Node names, variable instantiation, and matches

We will use the terms (lhs, rhs and inp) as introduced above to refer to the parts of a generic metarule being applied to an input tree. The nodes at lhs can take three different forms: a constant node, a typed variable node, and a non-typed variable node. The naming conventions for these different classes of nodes is given below.

• Constant Node: Its name must not initiate by a question mark (`?' character). They are like we expect for names to be in normal XTAG trees; for instance, inp is expected to have only constant nodes. Some examples of constant nodes are NP, V, NP<sub>0</sub>, NP<sub>1</sub>, S<sub>r</sub>. We will call the two parts that compose such names the stem and the subscript. In the examples above NP, V and S are stems and 0, 1, r are subscripts. Notice that the subscript part can also be empty as in two of the above examples.
• Non-Typed Variable Node: Its name initiates by a question mark (`?'), followed by a sequence of digits (i.e. a number) which uniquely identifies the variable. Examples: ?1, ?3, ?3452^25.2. We assume that there is no stem and no subscript in this names, i.e., `?' is just a meta-character to introduce a variable, and the number is the variable identifier.
• Typed Variable Node: Its name initiates by a question mark (`?') followed by a sequence of digits, but is additionally followed by a type specifiers definition. A type specifiers definition is a sequence of one or more type specifier separated by a slash (`/'). A type specifier has the same form of a regular XTAG node name (like the constant nodes), except that the subscript can be also a question mark. Examples of typed variables are: ?1VP (a single type specifier with stem VP and no subscript), ?3NP<sub>1</sub>/PP (two type specifiers, NP<sub>1</sub> and PP), ?1NP<sub>?</sub> (one type specifier, NP<sub>?</sub> with undetermined subscript). We'll see ahead that each type specifier represents an alternative for matching, and the presence of `?' in subscript position of a type specifier means that matching will only check for the stem ^25.3.

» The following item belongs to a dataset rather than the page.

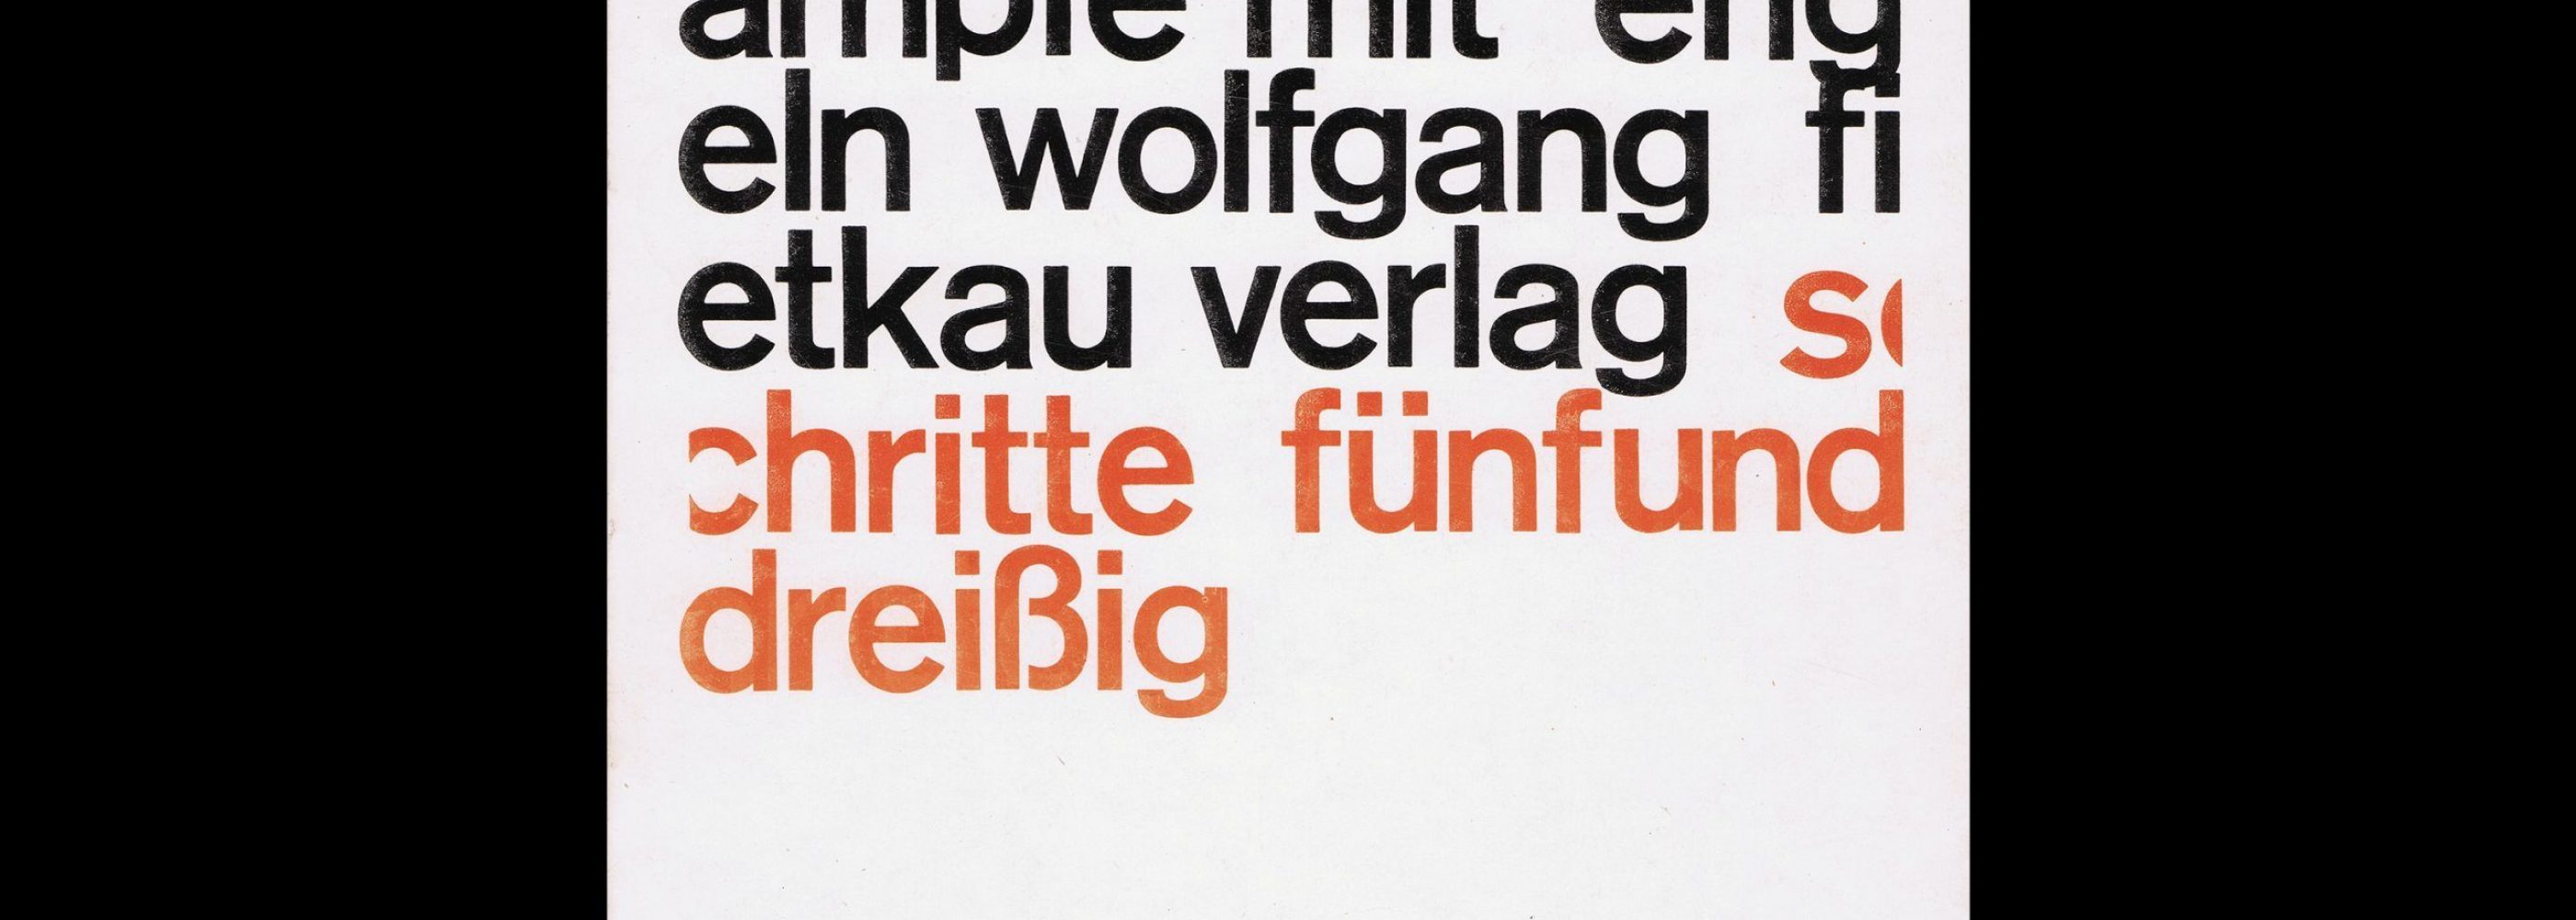 Oskar Cösterm Kämpfe mit Engeln, Wolfgang Fietkau Verlag, 1979. Designed by Christian Chruxin

During the process of matching, variables are associated (we use the term instantiated) with `tree material'. According to its class a variable can be instantiated with different kinds of tree material:

• A typed variable will be instantiated with exactly one node of the input tree, which is in accordance to one of its type specifiers (The full rule is in the following subsection).
• A non-typed variable will be instantiated with a range of subtrees. These subtrees will be taken from one of the nodes of the input tree inp. Hence, there will a node n in inp, with subtrees n.t₁, n.t₂, ..., n.t_k, in this order, where the variable will be instantiated with some subsequence of these subtrees (e.g., n.t₂, n.t₃, n.t₄). Note however, that some of these subtrees, may be incomplete, i.e., they may not go all the way to the bottom leaves. Entire subtrees may be removed. Actually for each child of the non-typed variable node, one subtree that matches this child subtree will be removed from some of the n.t_i(maybe an entire n.t_i), leaving in place a mark for inserting material during the substitution of occurences at rhs.
  Notice still that the variable can be instantiated with a single tree and even with no tree.

We define a match to be a complete instantiation of all variables appearing in the metarule. In the process of matching, there may be several possible ways of instantiating the set of variables of the metarule, i.e., several possible matches. This is due to the presence of non-typed variables. Now, we are ready to define what we mean by a successful matching. The process of matching is successful if the number of possible matches is greater then 0. When there is no possible match the process is said to fail. In addition to return success or failure, the process also return the set of all possible matches, which will be used for generating the output.